Friday 28 April 2017

How To Move On From Friends



Friendships don't always last forever. I talked about the 10 Signs Your Friendship is Fading,  but what happens after it's faded? How do you move on? You used to do everything with someone and they were part of your schedule, what do you fill it with? Maybe your situation isn't that deep and the 'friend' you want to move on from is and was not your best friend. You may just have a friend you don't want to be around anymore but you don't know how to take that first step. Detaching yourself from people you know is not always easy but sometimes it is necessary. Let's go through the steps together.


Make a Pros and Cons List

I'm sure you are all familiar with a 'pros and Cons List' right?

1. Take a paper and draw a vertical line down the middle.
2. Write the heading on one side 'Pros' and the other side 'Cons'.
3. On the Pros side of the page, think of all the good things about the relationship/person and list them.
4. On the Cons side, think of all the bad things about the relationship/person and list them.
5. Make sure you aren't being biased because of your current emotions.
6. See which has more and if the pros side has more, It means that the person is mostly good and you should not ditch them
buuuut if the Cons side is more, it's probably time to start moving on.


Some don't believe these help, some say they're great and I say they can be helpful at times like these ones.  Before being haste, you have to make sure you are not letting goof someone valuable in your life because of a fight or minor rough patch. Making a pros and cons list puts the person you're thinking about leaving into full perspective. You will be able to weigh the odds and see if the change is actually needed or not.

Understand Why

If you're at this second step, it means that the person/relationship had more Cons (bad things) about them/it and you need to pursue the steps towards change.You need to be clear with yourself about "Why" you are detaching from this person. Write it down or even talk to yourself (or a teddy) to make sure you know why you are moving on from this friend. This helps you to go forward without any doubts or second-guessing. It also prepares you for the case of a confrontation from that friend, you will be clear thus confident about why you don't want to be their friend anymore. Ask yourself questions you feel they or anyone else might ask, then answer them. Once you feel like your emotions and reasons are clear to you, you will be more prepared.

Prepare Yourself

Don't let the aftermath of your change take you by surprise, be prepared for the change you're making. For example:
 If you used to walk to school with this friend every day, make peace with walking alone or find some other person to accompany you beforehand.
 If you lunch with this friend at work breaks/school break, find another place to eat beforehand. 
Basically: Fill their vacancy to the very last detail so you won't second guess yourself, or be ambushed by all the change. Also, if this friend is prone to certain behaviors e.g. temper, gossip...etc prepare yourself for their worst, and know that you can't  keep being their friend in fear of it. After all, they're just a person like you.

Distance Yourself

Even landlords provide you with an eviction notice, and this is yours to that friend. Though it may hurt them to see you distancing yourself, it is better than a sudden end to a friendship with no indication. Depending on the situation, some friendship break-ups are allowed to be instant in the cases like: Gossiping friend, toxic friend, thief friend...etc. But if your friends only crime is that you two aren't vibing anymore and argue like a complicated couple, it may be fair to give them a little sign with distancing yourself before completely letting go.

If Needed, Confront them


I emphasize on "If needed". Not all friendship break-ups need confrontation, sometimes the explanation is in the air and saying it out loud only makes noise. Some things are better left unsaid but there are some cases when a confrontation and closure is healthy. It may be a best friend who has been gossiping about you and you want to let them know you know, that's why you don't want them in your life anymore. It may be a friend with a habit of putting you down, you have told them it bothers you and they have continued and you want to let them know that they won't be bothering you anymore. At times confrontation is needed, but avoid any unnecessary drama by all means.

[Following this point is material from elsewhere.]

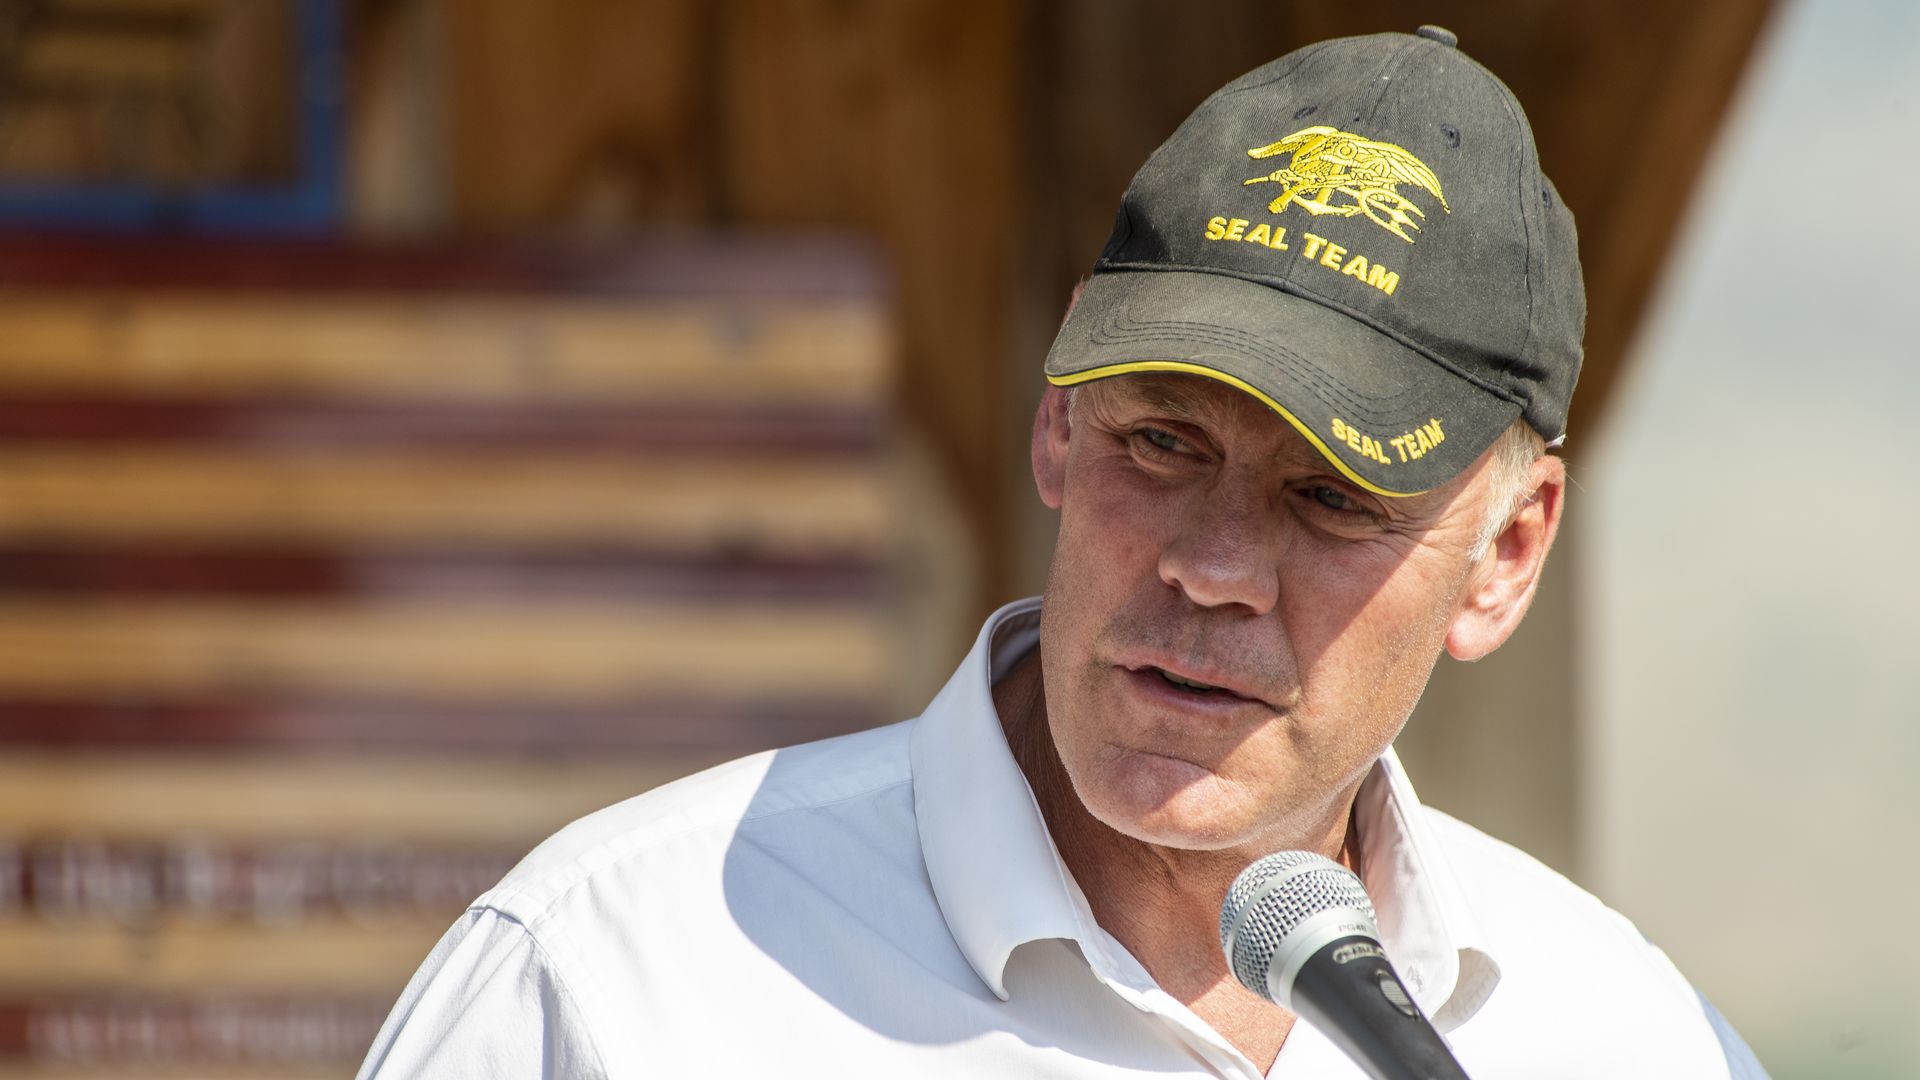 Republican Ryan Zinke, a contender for Montanas second congressional seat, at an event on July 24, 2021 in Emigrant, Montana. 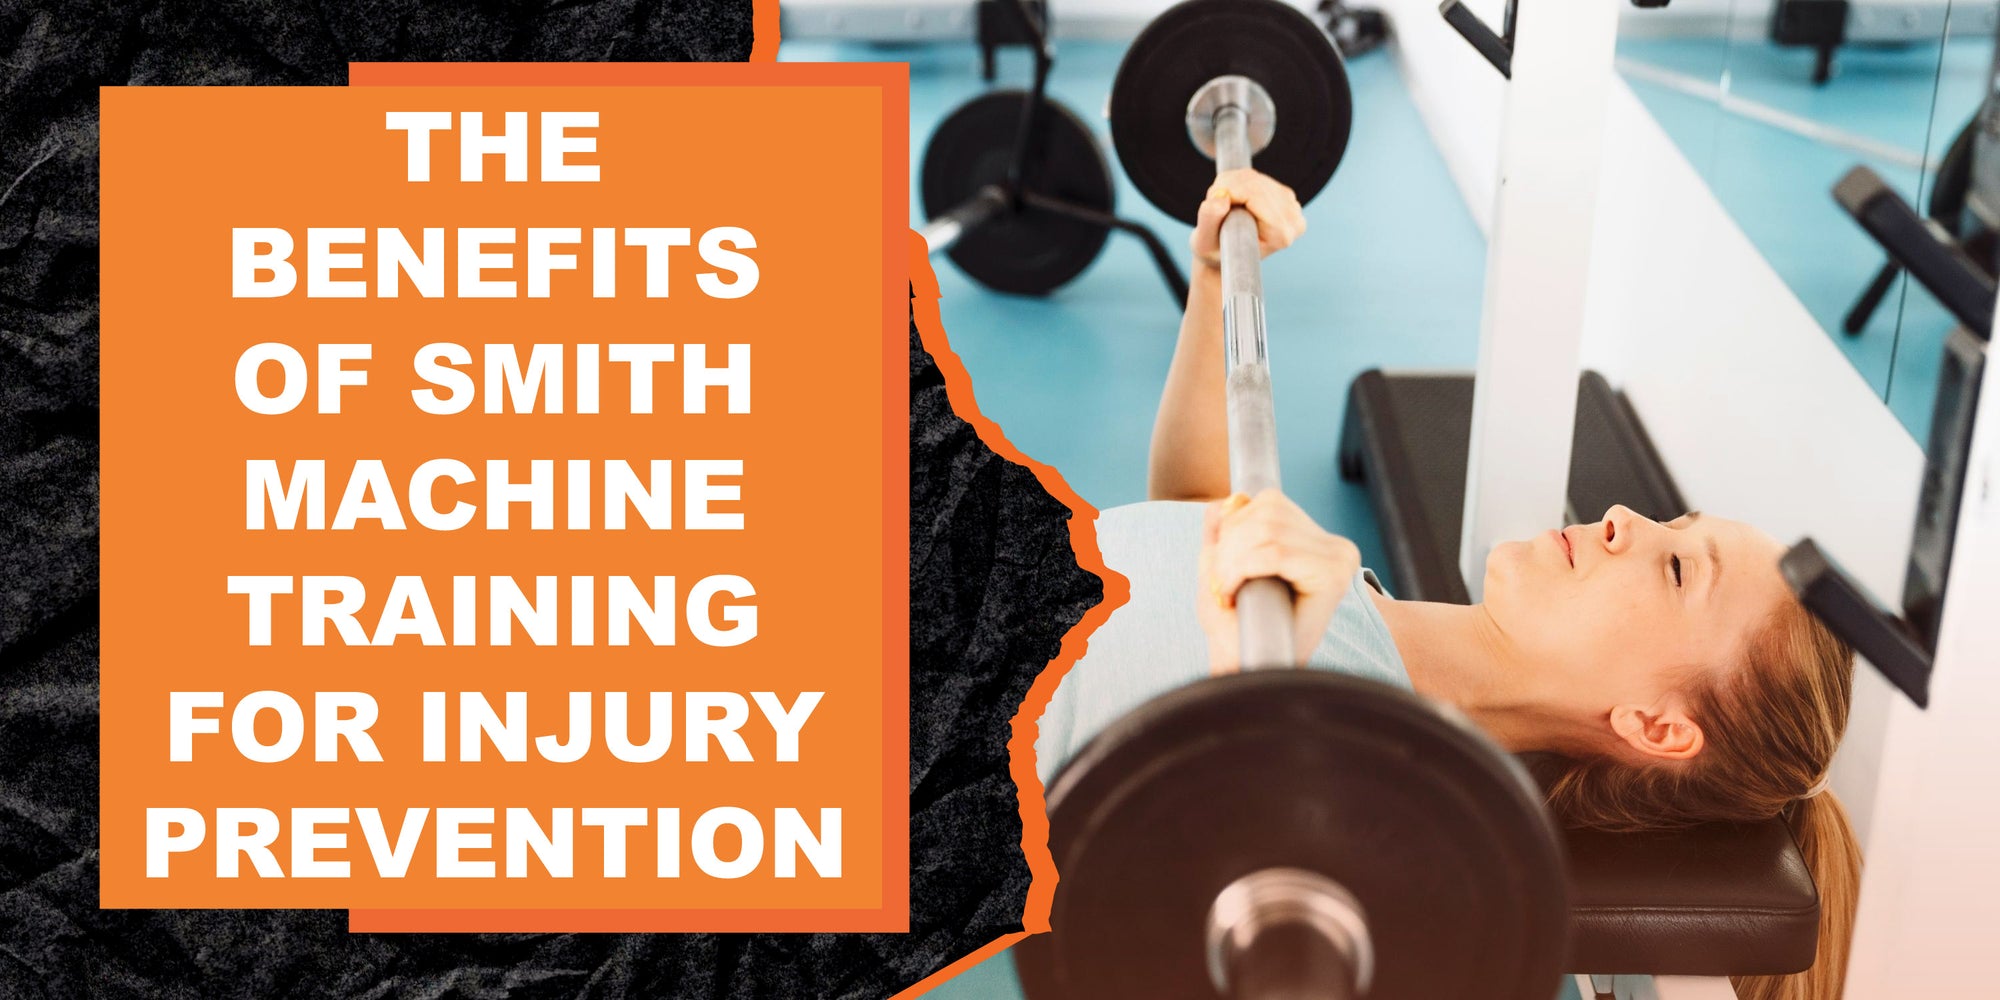 The Benefits of Smith Machine Training for Injury Prevention

Don't Let Yourself Be Pulled Back


Just like a romantic relationship, some friends have a way of always trying to pull back what they have taken for granted or hurt, only to do the same thing again. You can forgive them (Read on Why Should You Forgive) but that does not mean that they get to come back into the front row of your life. Accept apologies but do not accept invites back to the hole you have just dug yourself out of.

Spend Some Quality Time With You :)


Be your own best friend for a change. Why not? Your joy of the present should not be solely based on which friend is around, be your own friend and enjoy things around you with yourself. People are often scared to be seen on their own or do things on their own, running away from that irritating label "lonely", but you cannot constantly live by the opinions of others and think you are actually living. Go to a park and take a walk on your own, go to a movie on your own, how about a table for one?. Letting yourself be your own best friend will make you a better friend to others too.